No se observa en el escrito presentado por ellos, alguna toma de muestras para el correspondiente estudio de aguas, de tierras, de químicos, de cultivos, el grado de contaminación herbareo [sic] o arbóreo, Tampoco se observa un estudio en donde se nos diga, si la supuesta contaminación es biodegradable o no, el tiempo de recuperación de tierras, etc. Denotándose de esta manera, la falta de certeza y la ausencia total de un aporte científico o técnico a la prueba anticipada, y por lo mismo no sirve para dilucidar la controversia, es decir si efectivamente hubo o no fumigación, y que [sic] clase de químico fue empleado y si ese químico fue el causante de los daños o si estos perjuicios fueron ajenos a algún químico, o lo fueron como consecuencia de la negligencia del cultivador para controlar plagas o para abonar la tierra y sus sembrados”. o Folio 98 del cuaderno principal: copia autenticada del auto del 15 de abril de 1998 por medio del cual se rechaza la objeción al dictamen pericial elevada por la parte demandada, por extemporánea. o Folio 104 del cuaderno principal: copia autenticada de la continuación de la diligencia de inspección judicial realizada como prueba anticipada el 20 de mayo de 1998, en la que se recibe el testimonio del señor Luis Alfonso Castrillón en el que explicó: “Yo miré desde la casa mia [sic] de la finca que queda como a unos mil metros al cultivo de caucho, mire [sic] unos helicópteros y una [sic] avionetas, las que fumigaban eran las avionetas,
ellos fumigaron primero donde el compadre ARISTIDES VARGAS, enseguida siguieron con los otros muchachos de apellido VARGAS, sobrinos de ARISTIDES, luego siguieron buscando el temblón [sic], vereda, lo de OLIVERIO URQUIJO, luego también fumigaron el predio de un yerno mío. Luego regresaron para el lado de nosotros, vimos cuando fumigaron como un humo, agua no era, que se espacio [sic] en el aire, eso fue sobre el cultivo de caucho de JUSTINO HORTA, de ahí se fueron para otras fincas”. - Folio 13 del cuaderno de pruebas de la actora: original del oficio suscrito el 28 de junio de 1999 por el Auditor Ambiental de Erradicación de Cultivos Ilícitos en respuesta a la solicitud de informes ordenada por el auto que abrió el proceso a pruebas, en el que se lee: “La Auditoría Ambiental realizó una visita al predio “El Milagro”, vereda La Paujilera, en coordenadas N01o18.553’ W75o19.941’, el día 18 de diciembre de 1997, acompañando una comisión de la Policía Antinarcóticos. De acuerdo a esta inspección la Auditoría Ambiental observo [sic] lo siguiente: - cultivo de caucho, con algunos ejemplares defoliados. Estos de localizan en forma dispersa y heterogénea; - Evidencia de malas condiciones fitosanitarias del cultivo de caucho.
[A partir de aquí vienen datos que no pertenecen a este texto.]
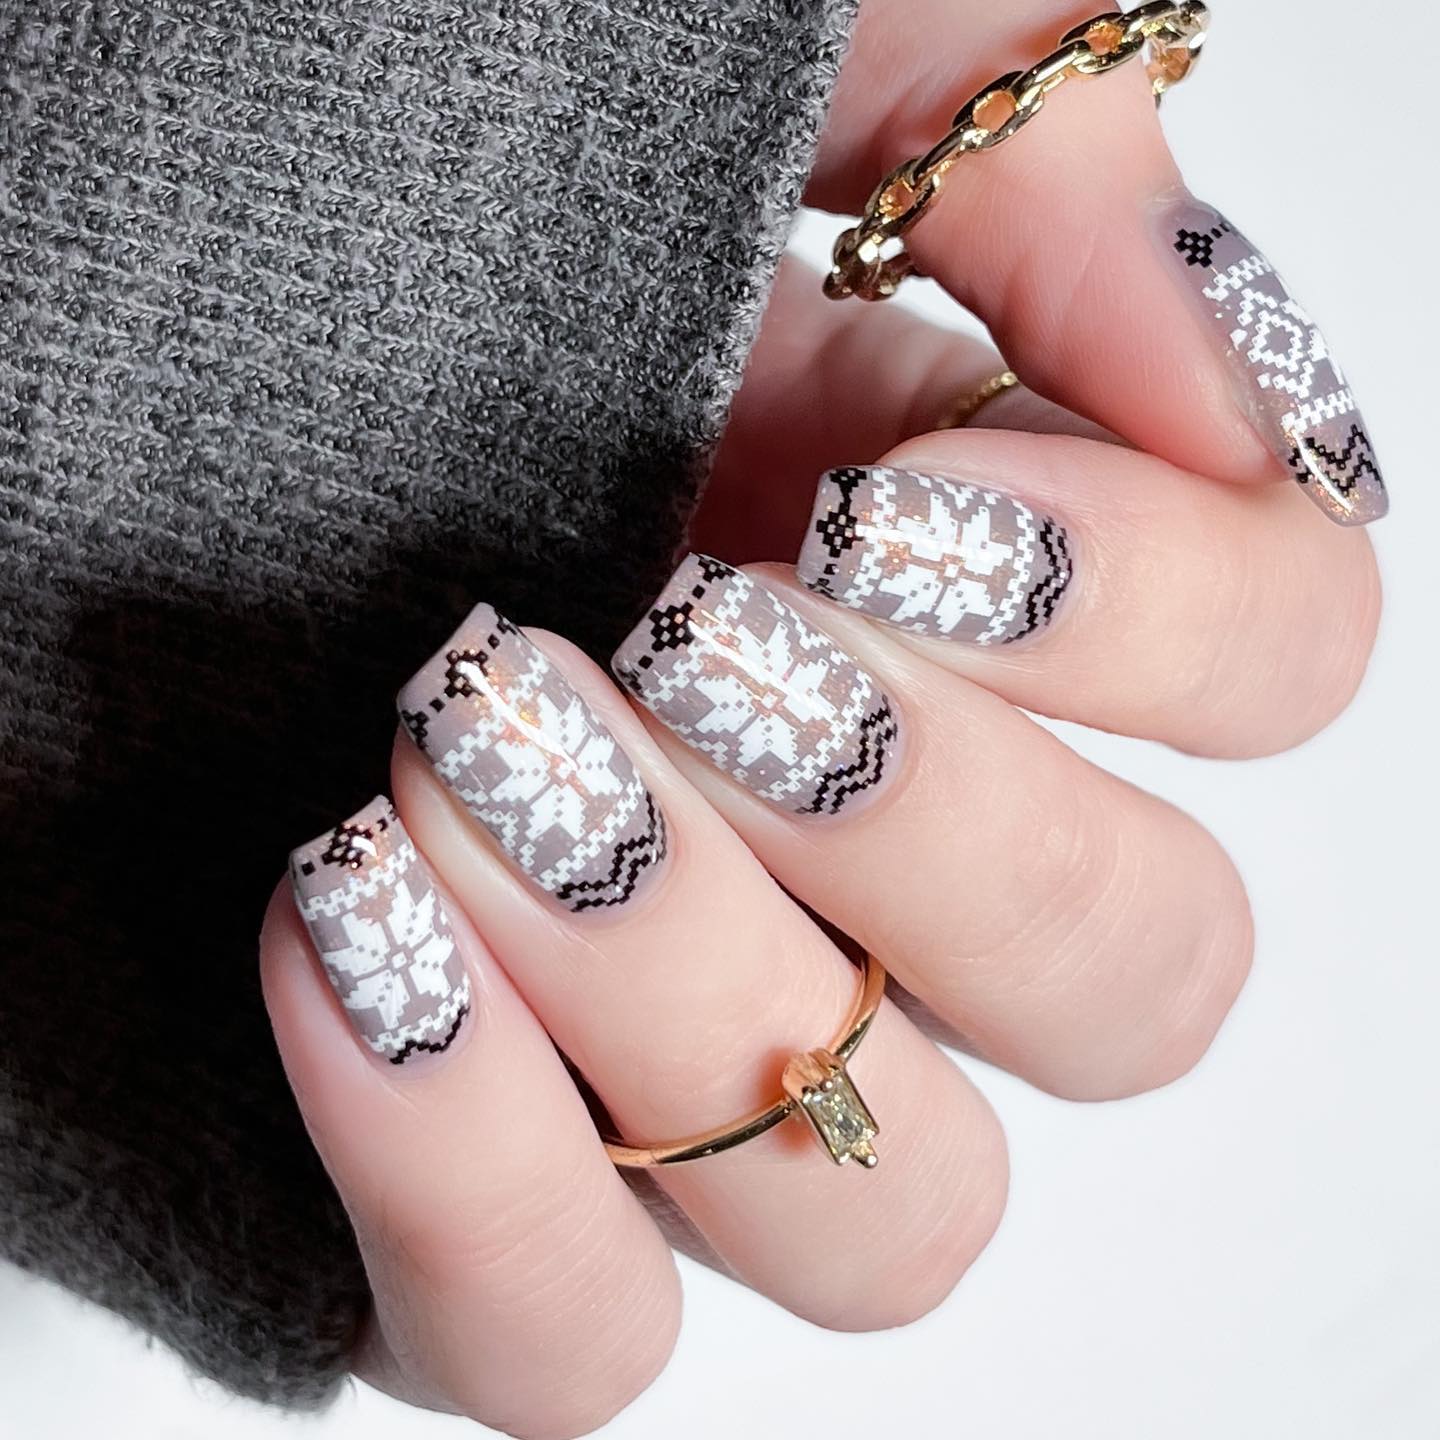 Iconic snow sweaters are one of the best things in winter. If you love to wear them, now it's time to wear them on your nails.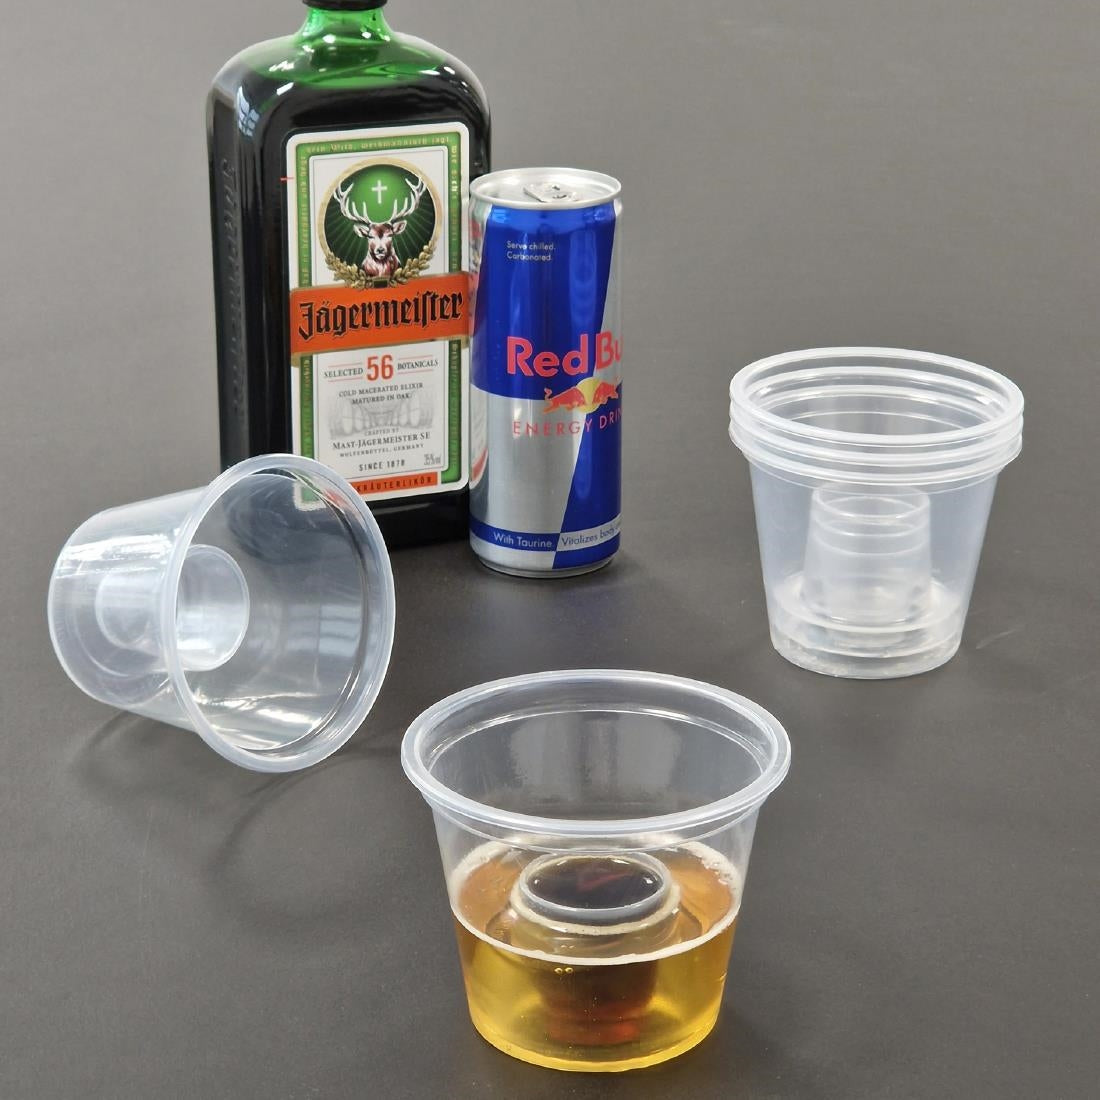 FU898 eGreen Bomb Shot Glasses UKCA and CE Marked 25/90ml to Brim (Pack of of 1000)

Se encontraron arboles [sic] afectados por afidos [sic], insectos masticadores, ataque de hongos, en hojas y troncos. – En el
interior de la plantación no se observo [sic] vegetación muerta o evidencias por afectación con herbicidas. – Con base en el reconocimiento aéreo realizado sobre el predio, no se evidenciaron rastros de aspersión aérea (No se observo [sic] franja uniforme de vegetación quemada o muerta por la acción de glifosato, típica huella de la acción de la aspersión aérea) sobre la plantación de caucho, ni en los pastizales o vegetación aledaña al cultivo (…)”. Al efecto, anexó las actas en las que constan las fumigaciones realizadas entre agosto y noviembre de 1997 en zona de jurisdicción del municipio La Montañita5, las fotografías que se tomaron durante la inspección, y el concepto del ICA sobre las condiciones fitosanitarias del material vegetal de caucho recolectado en dicha verificación.